The foregoing are the patents known to the applicants pertaining to this particular concept, or having some relationship thereto, and uncovered in various prior art searches, conducted upon the applicants'current invention.
It is the principal object of this current invention to provide a compound which will minimize the smudging, scratching, and fading of information upon labels, particularly those use in the retail marketplace.
It is a further object of this current invention to provide a method for applying the compound to the labels.
This invention contemplates a compound which is applied to supermarket shelf labels, more specifically, before the printing of specific information is made upon the labels. The coating is made from a mixture of ingredients that enhance the staying characteristics of any information that may be printed upon the label, such as by one of the laser printing apparatuses, currently used in the trade. Through usage of this current invention, the laser printed bar codes, prices, weights, sizes, and oher information is fused permanently into the labels prepared by this current invention, because such lables are uniquely pretreated to permanently bond all laser printed data onto the label during their preparation and usage. There is no post processing labor or material costs that are involved once the labels are prepared, and applied to the market shelf, since smudging and scratching just does not occur. The labels are available and readily applicable for permanent usage for whatever length of time they are required, until such time as different prices, weights, sizes, or the like, is necessary, and therefore requires the preparation of a new label for identification purposes to the retail trade. The labels of this current invention can withstand significant abuse, just as much if not more as the ultraviolet coated labels, or the laminated labels, that have also seen some usage.

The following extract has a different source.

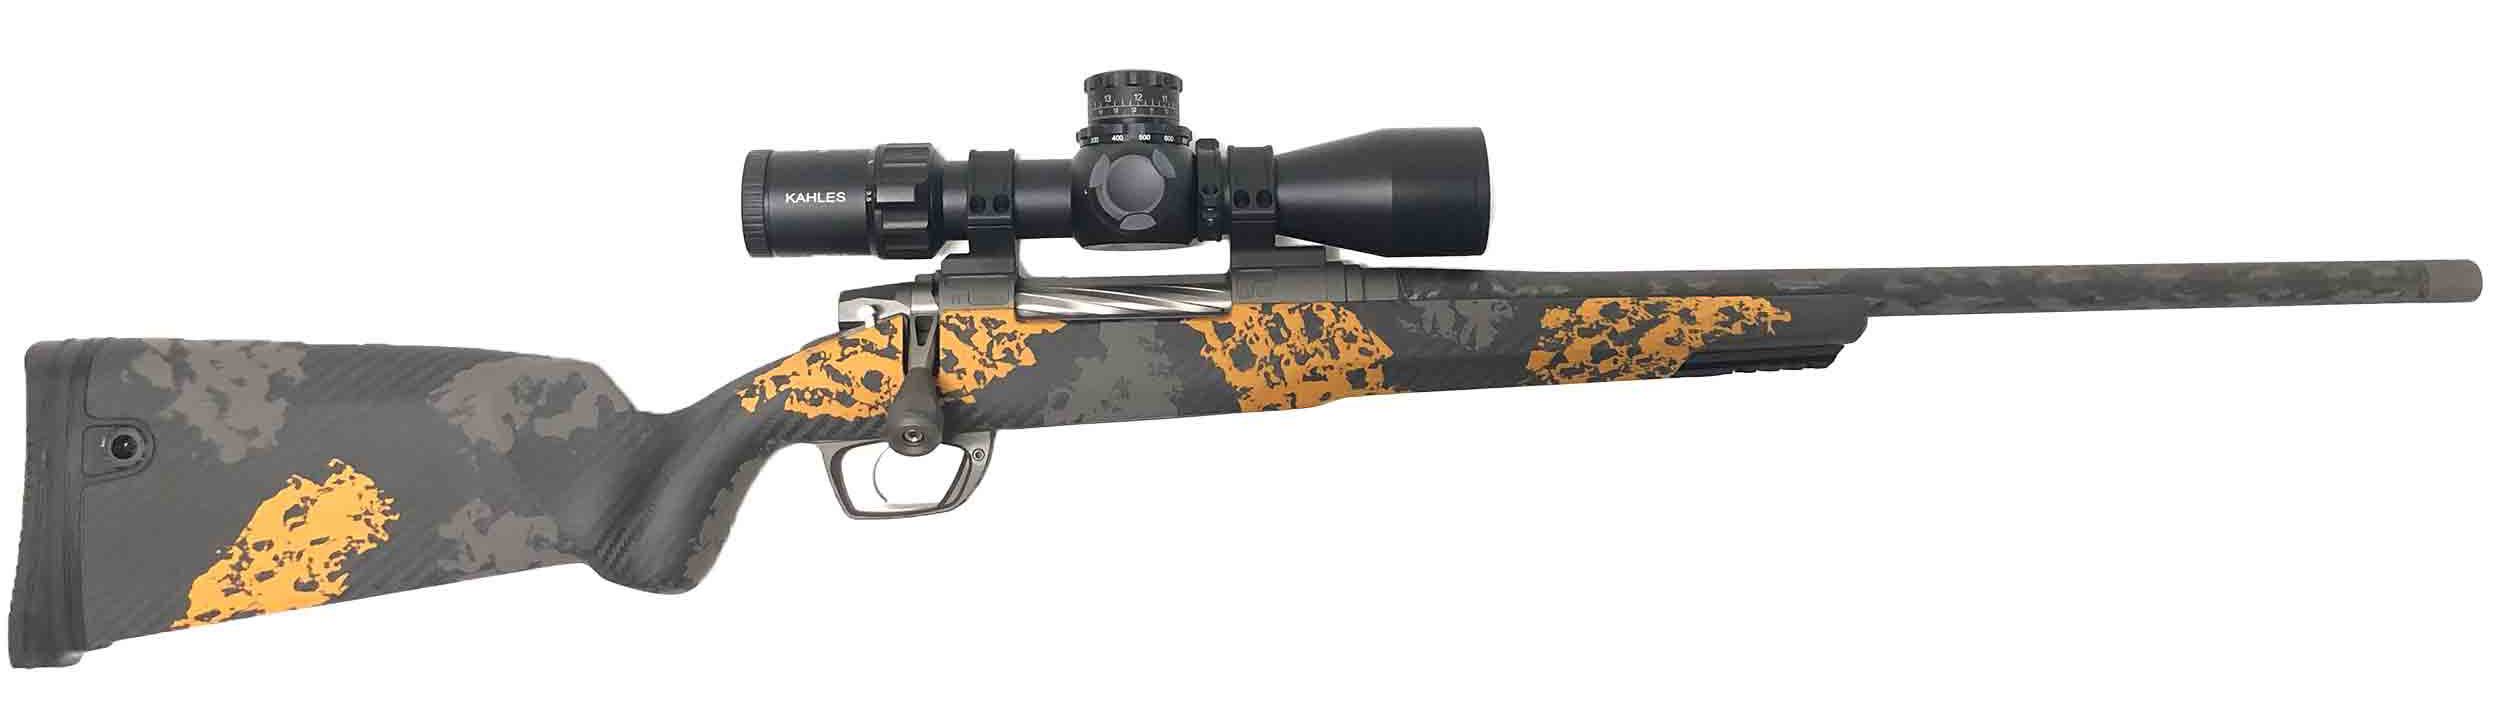 Clymr Rifle.7LRM, GLR TI Action, 20" Tungsten finish, Thread Cap, Carbon Orange, LOP 13.5,|

The bonding of printed information, particularly from the laser printers, such as the Xerox or Siemans printer that laser transfer images onto supporting materials, such as labels, and which laser printers are readily available and in usage from companies such as Siemans, comprises the essence of the usage of this current invention. Through the usage of the laser printer, and the labels prepared by this current invention, the retailers can produce shelf labels equal to, or of superior quality to, the externally printed type of shelf labels that have long been used in the trade. The current invention enhances label usage, and sustains their useful life, regardless whether printed images, whether in black in white, colored, or the like, are applied to the previously prepared label materials in preparation for their reception of the laser printed data. The current invention works equally well in the preparation of quality labels in the variety of formats upon paper, vinyl, or other sythetic stock.
The mixture of this current invention includes (a) a silica flatting agent, that adds a texture to the surface of the paper or vinyl label being printed, to facilitate its passage through the laser printers, (b) an alcohol solvent, (c) an ester solvent, and (d) a solvent based flexographic acrylic varnish, such as one incorporating an acrylic resin. Acceptable ranges for the four components are within the range of from 50% to 84% for the varnish, 1% to 5% for the silica flatting agent, 10% to 25% for the alcohol solvent, and five percent to 20% for the ester solvent. All percentages are by weight. The alcohol solvent used is a saturated alcohol of from one to four carbon atoms. Alcohols that may be used are ethanol, methanol, iso-propanol, n-propanol, n-butanol, set-butanol, iso-butonal, and t-butonal. The ester used in this composition has the structure of: ##STR1## wherein R1 may be any saturated hydrocarbon of from one to four carbons, and R2 may be any saturated hydrocarbon with one to carbons. Ester solvents which may therefore be used include ethyl acetate, methyl acetate, n-propyl acetate, and iso-propyl acetate. The flexigraphic varnish used as a fast drying solvent based varnish.
This compound forms a coating that is applied over the blank label material prior to shipment to the supermarket. At the market or at its administrative office, the price information, product name, bar code, and other information is laser printed on the coated label The ink reacts with the coating, and through its laser application becomes hardened, and impervious to smudges, scratches, and fading.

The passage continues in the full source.